**TASK DESCRIPTION:** With the images removed, write out every line below exactly.

**STORED DATA:**
Start of Block
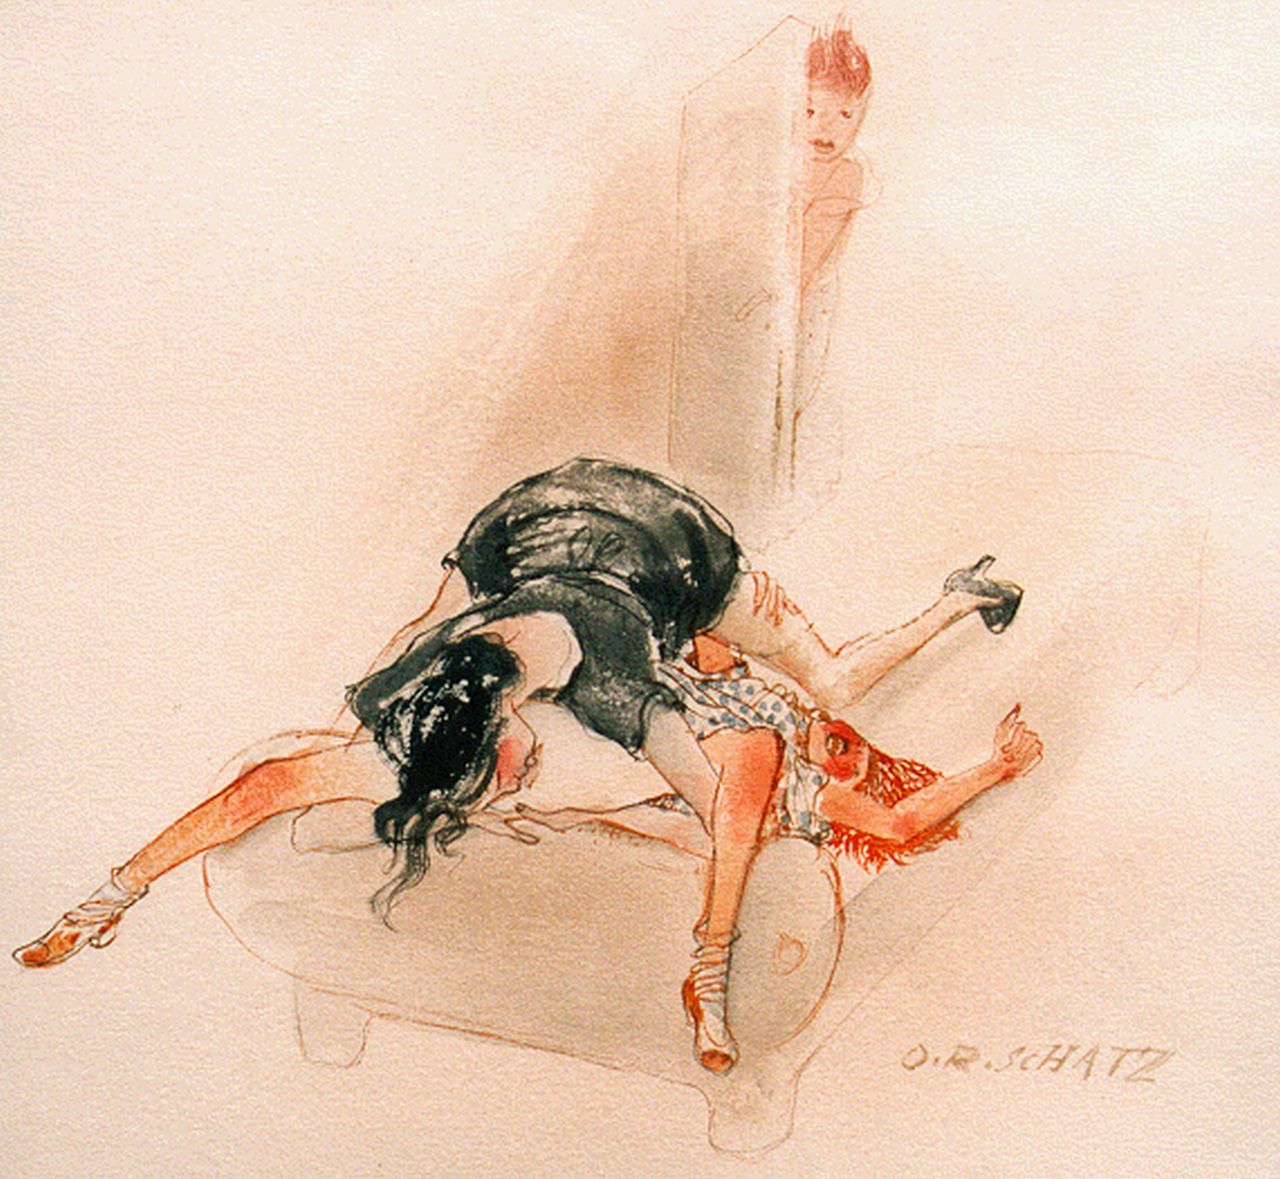 Schatz O.R.  | Otto Rudolf Schatz, Erotische scene, watercolour on paper 29.0 x 27.0 cm, gesigneerd linksonder
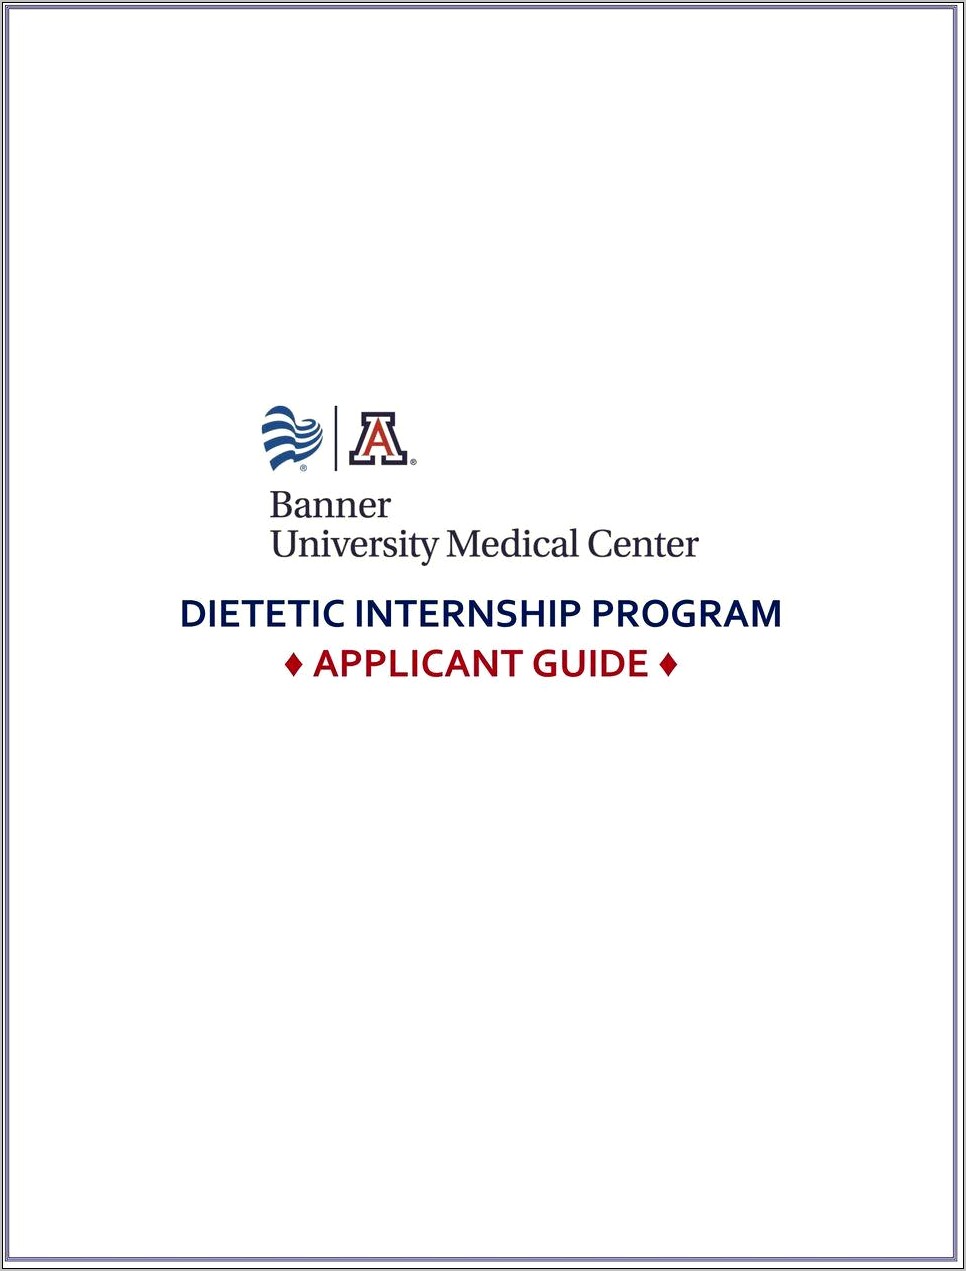 Sample Resume For Dietetic Internship
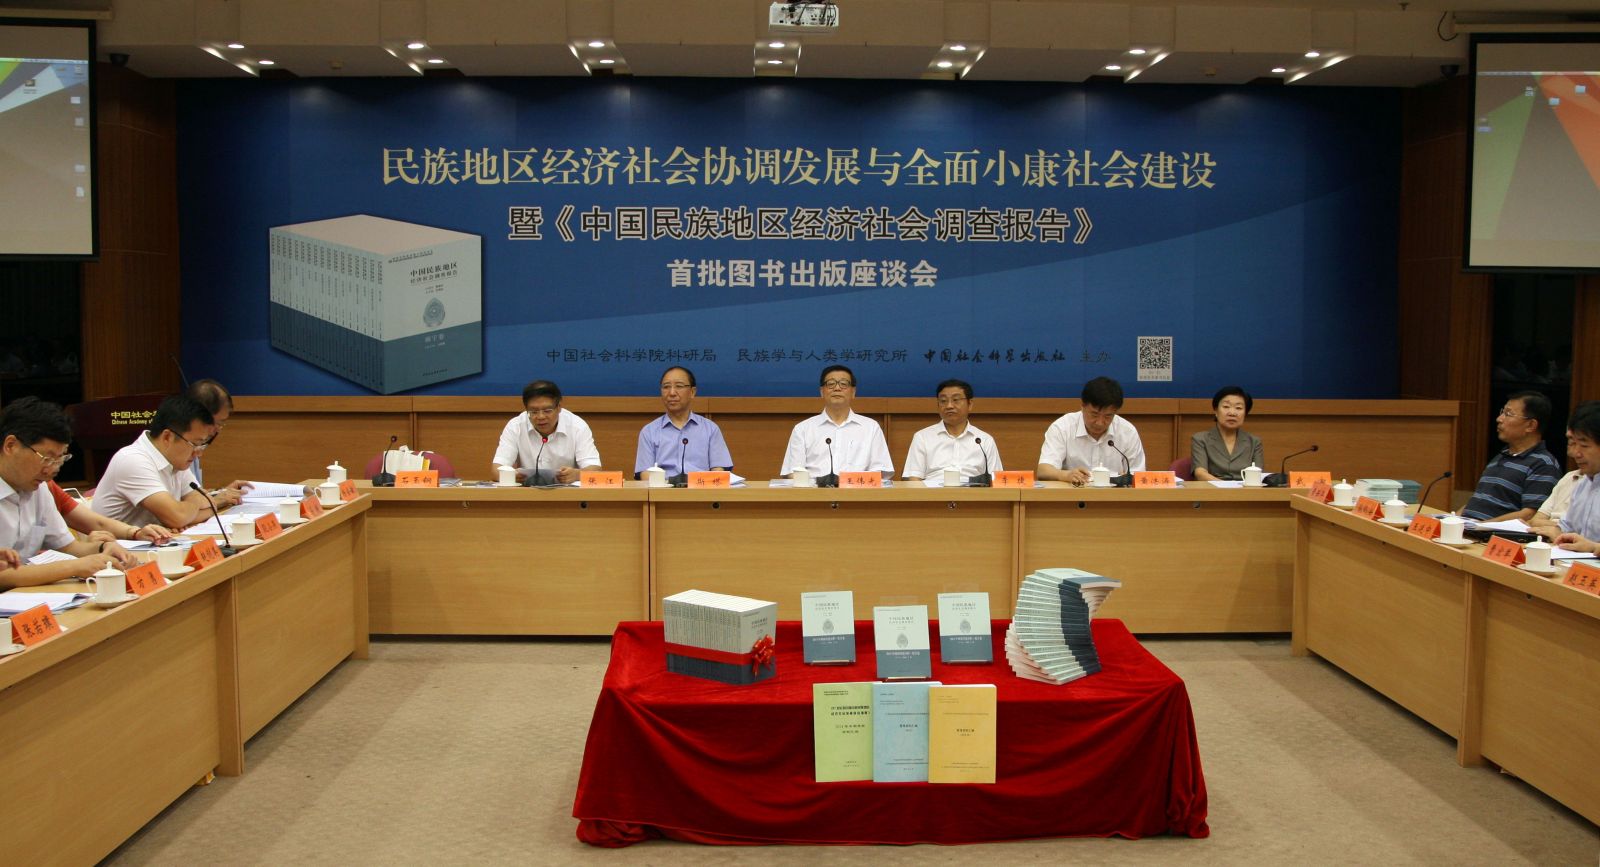 《中国民族地区经济社会调查报告》首批图书出版座谈会，程明摄
End of Block
**SOLUTION FOR THIS TASK:**
 Schatz O.R.  | Otto Rudolf Schatz, Erotische scene, watercolour on paper 29.0 x 27.0 cm, gesigneerd linksonder
 Sample Resume For Dietetic Internship
 《中国民族地区经济社会调查报告》首批图书出版座谈会，程明摄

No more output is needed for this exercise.